A spokesperson for the sheriff’s office, Abigail Christian, told the Topeka Capital-Journal that 12 cases are being investigated, but she could not release more details about the investigation. The statement came after state Rep. Vic Miller, a Democrat, had asked Shawnee County District Attorney Mike Kagay to look into the 12 cases of alleged election fraud, noting that the alleged fraud cases involved addresses that were listed at two UPS stores and two businesses in Topeka.
Andrew Howell, the Shawnee County election commissioner, said that he doesn’t recall anyone contacting him or the election office about election fraud but said his office is trying to “clean up the list.” He added that using a UPS address or business address does not necessarily mean there was election fraud involved, according to the Journal.

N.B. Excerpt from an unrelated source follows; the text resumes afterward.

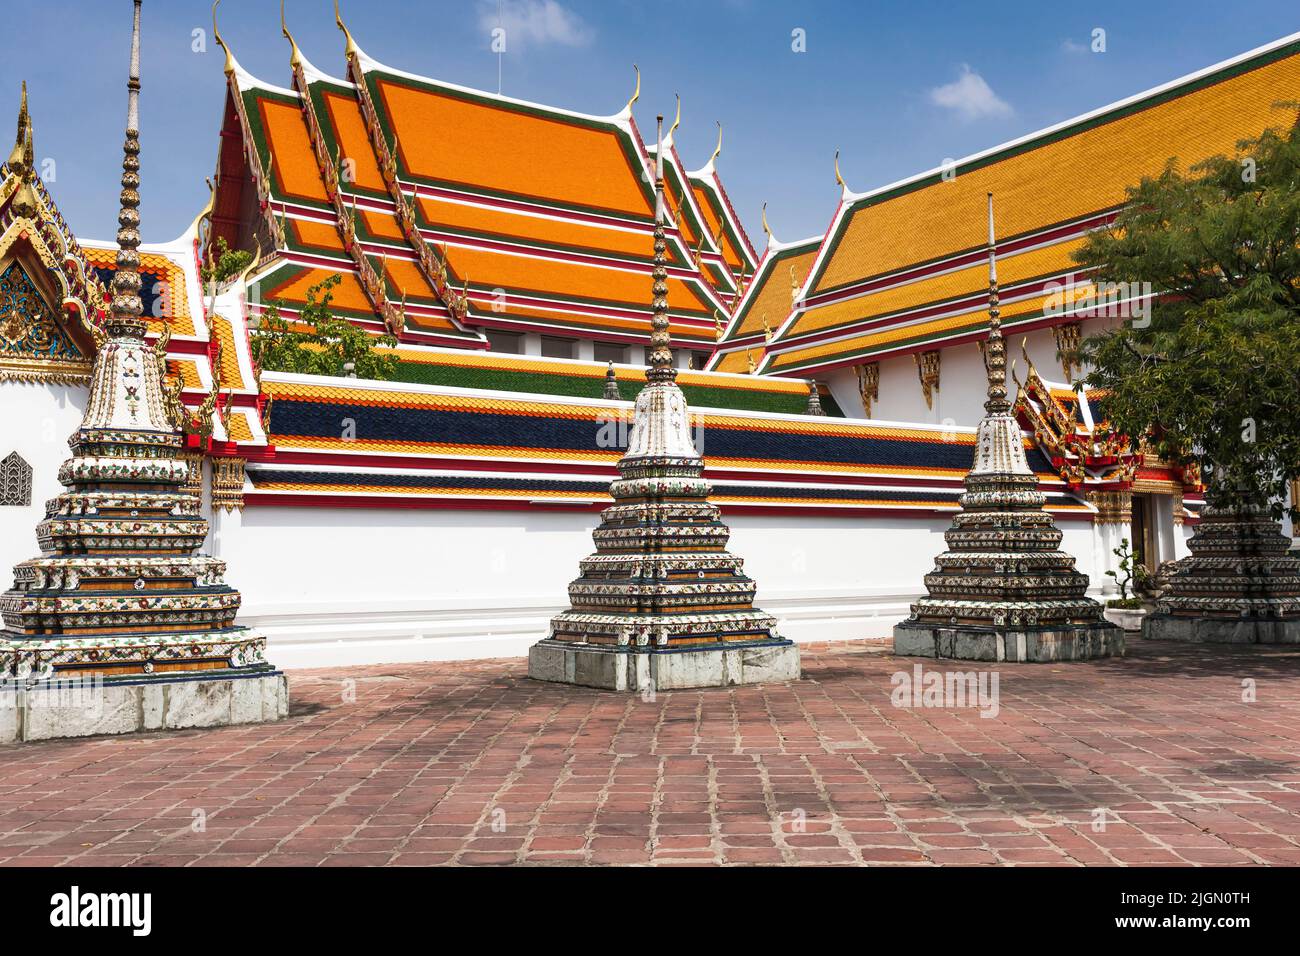 Wat Pho, Templo del Buda Reclinado, Wat Phra Chetuphon, pequeños chedi y coloridos techos, Bangkok, Tailandia, Sudeste Asiático, Asia Foto de stock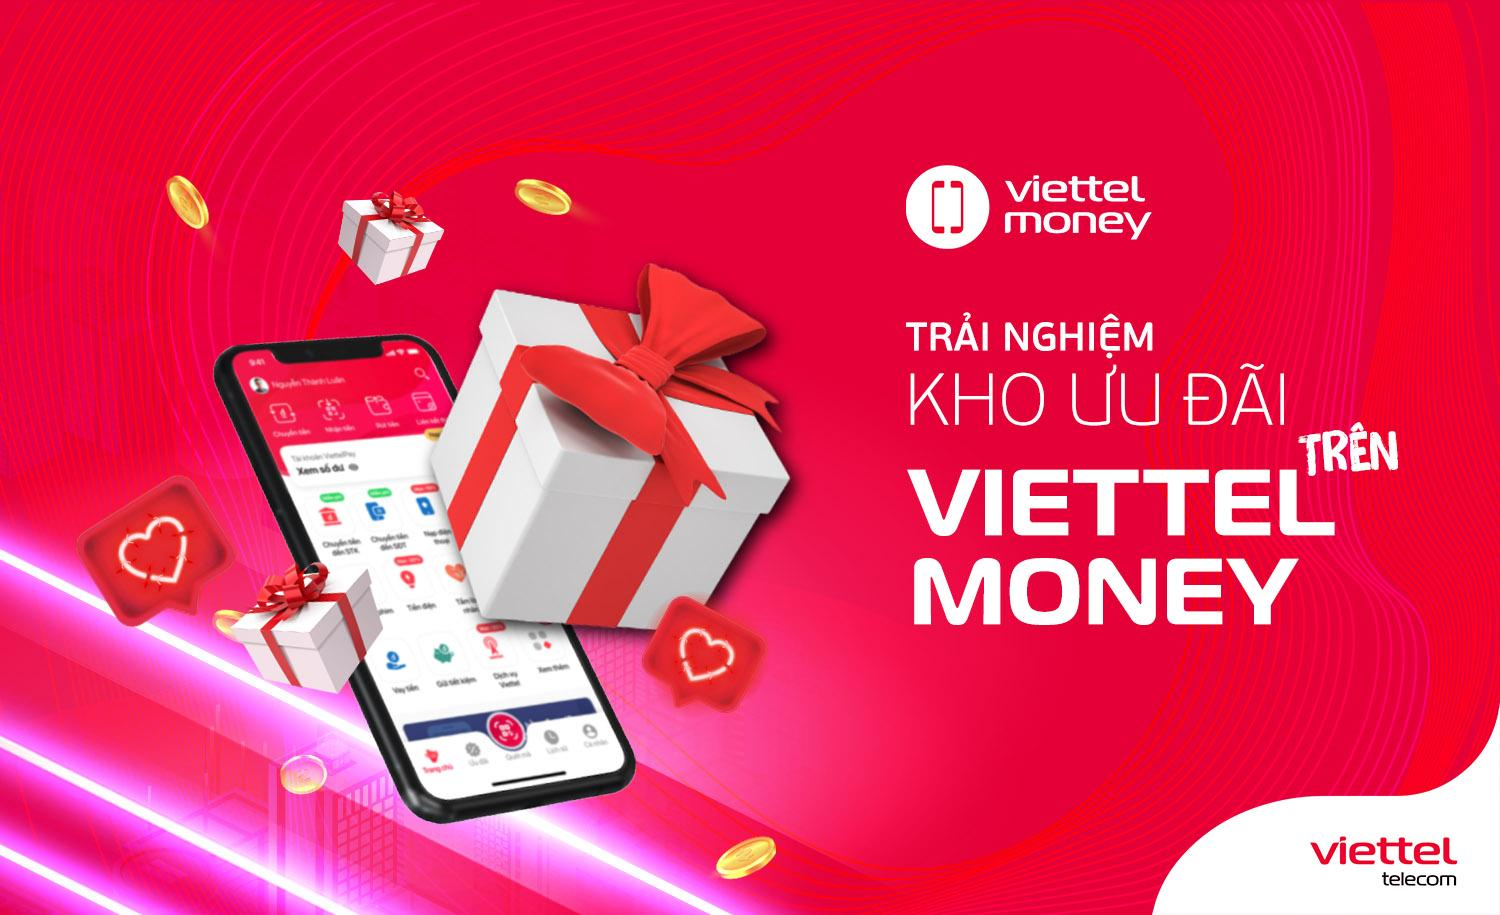 Với ứng dụng Viettel Money bạn có thể tận hưởng cuộc sống một cách trọn vẹn hơn

“There are situations that do occur where people are allowed to use unusual addresses,” Howell said. “It doesn’t on its face alone prove anything.”
The Epoch Times has contacted the sheriff’s office for comment.
In Pennsylvania recently, several people have been charged or will be charged with election fraud stemming from the Nov. 3 election, including two women in Bucks County who both allegedly cast ballots on behalf of their deceased mothers.
District Attorney Matthew Weintraub told news outlets that the incidents are isolated and said there was no evidence of “widespread or systematic election fraud here in Bucks County.”
Danielle Elaine Dooner, 56, of Buckingham, and Melissa Ann Fisher, 51, of Quakertown, will be charged in relation to the alleged mail-in ballot violations. They each face violations of provisions relating to absentee and mail-in ballots, a misdemeanor of the third degree, officials said.
And two weeks ago, a Delaware County man identified as 70-year-old Bruce Bartman pleaded guilty and admitted he “made a stupid mistake” when he cast a ballot for his deceased mother.
After the November election, a multitude of GOP state legislatures have passed laws to strengthen the rules around absentee and mail-in ballots. That includes Florida’s legislature, which last week passed a bill that provides more regulations for ballot drop boxes as well as more identification requirements for voters who request a mail-in ballot, while Texas’s state House passed a similar bill on May 7.
Immediately after the Florida bill was signed into law, Democrat lawyers and other groups filed several lawsuits challenging the measure as unconstitutional.